Thanks for shedding some light into this @mcabbott. For such a flexible library as Zygote, meant to provide AD for Julia source code, I think it would be important to provide gradients for sqrt. It’s a pretty common function, so this bug will probably be encountered by a large number of users.

I have opened an issue following @facusapienza 's MWE.

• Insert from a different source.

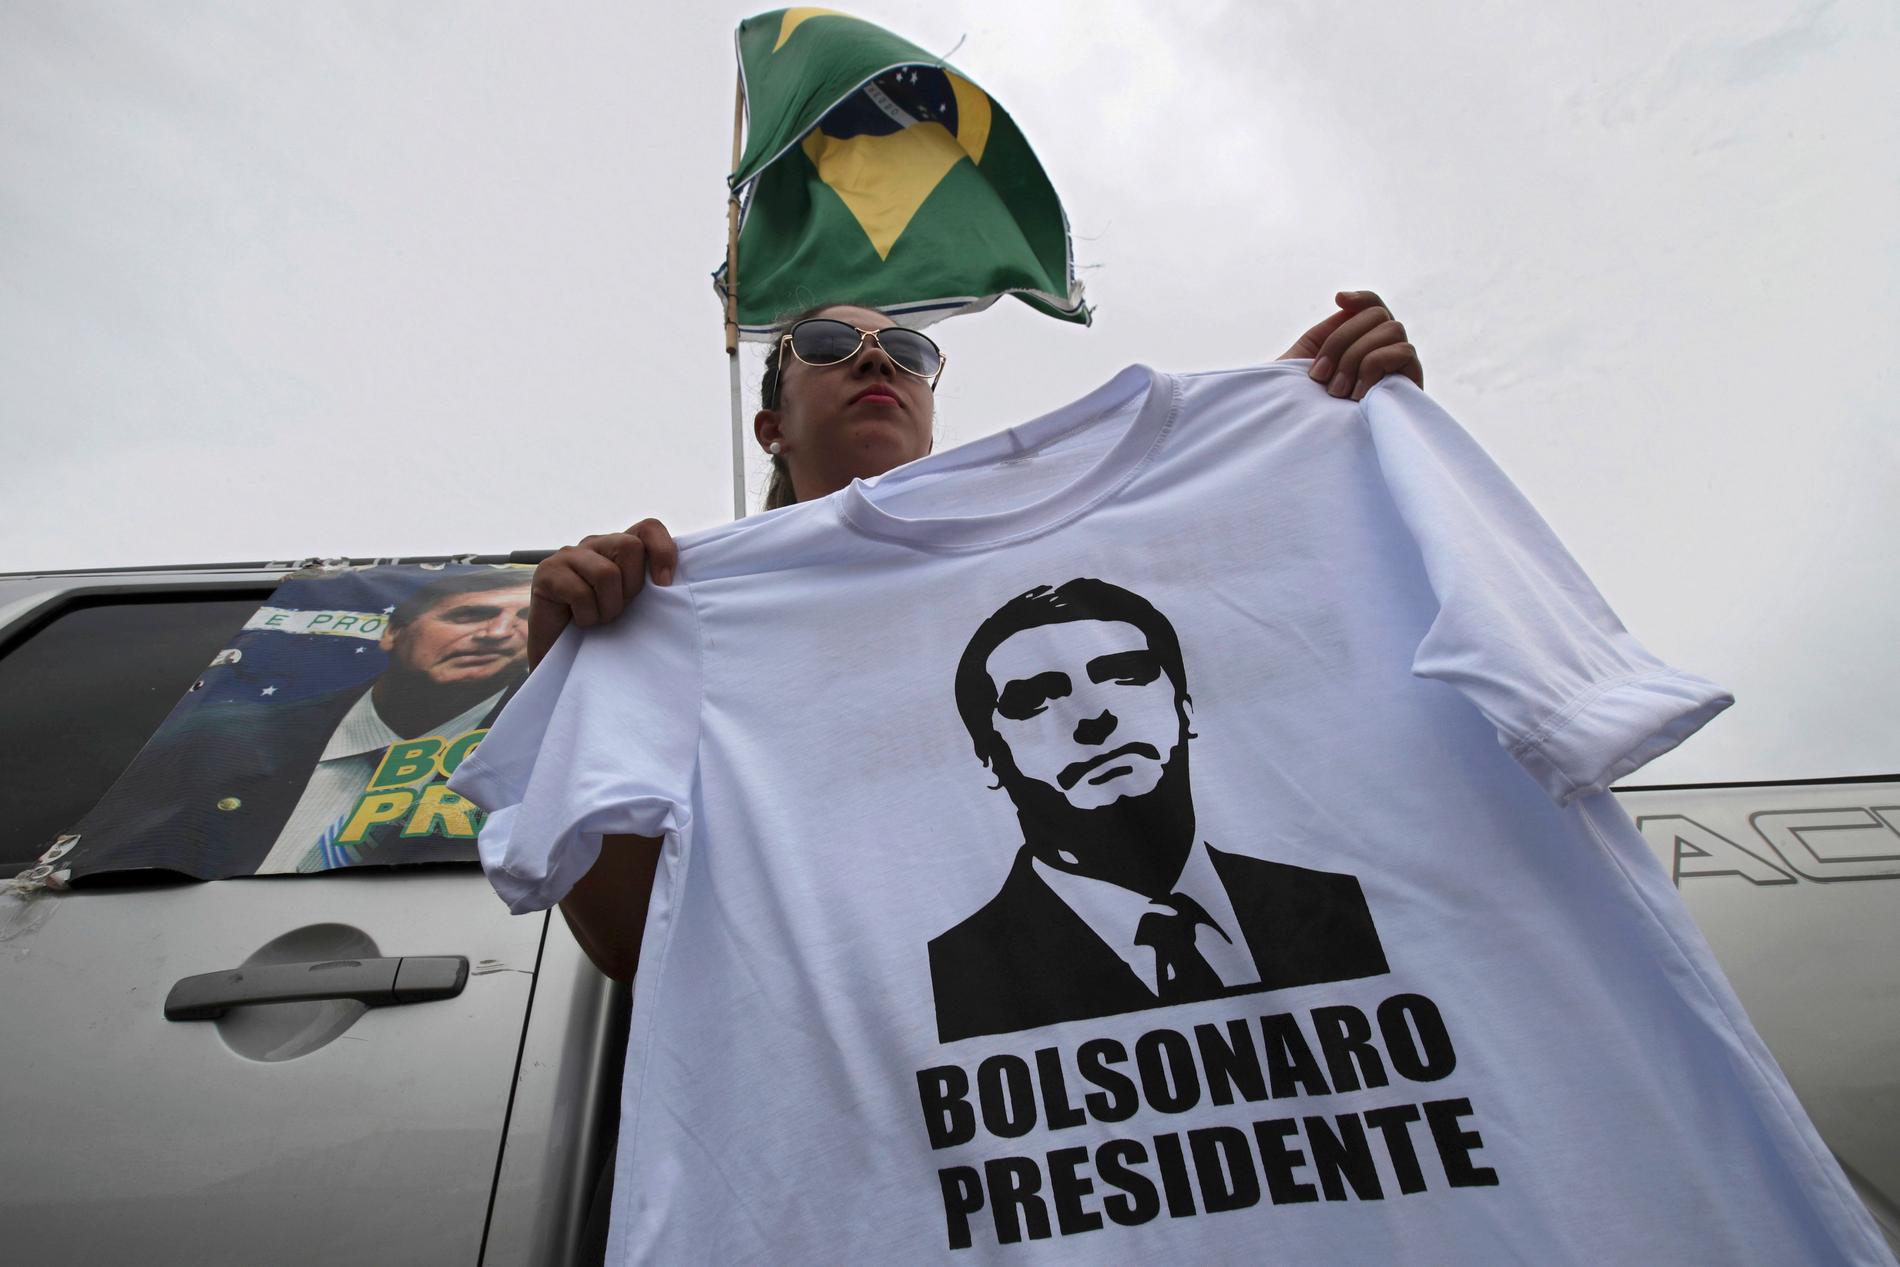 En Bolsonarosupporter säljer tröjor med tryck föreställande sin kandidat vid en busstation i Brasilia, 17 oktober 2018.

Some even simpler examples might be:

julia> f(x) = inv(inv(x));
julia> g(x) = cbrt(x)^3;

julia> all(f(x)==x for x in -10:10)
julia> all(g(x)≈x for x in -10:10)

julia> gradient(f, 0)
julia> gradient(g, 0)

If the chain of functions (or rather, the chain of their derivatives) contains singularities, at intermediate steps, then the final gradient will tend to be NaN. Even if it’s obvious to a human that things ought to cancel.

The individual components all seem correct here. I think these examples could be fixed by returning incorrect gradients near singularities, e.g. replacing the gradient at x==0 with one slightly off of it, like gradient(cbrt, 0 + eps()). But this may have horrible consequences elsewhere, I’m not sure.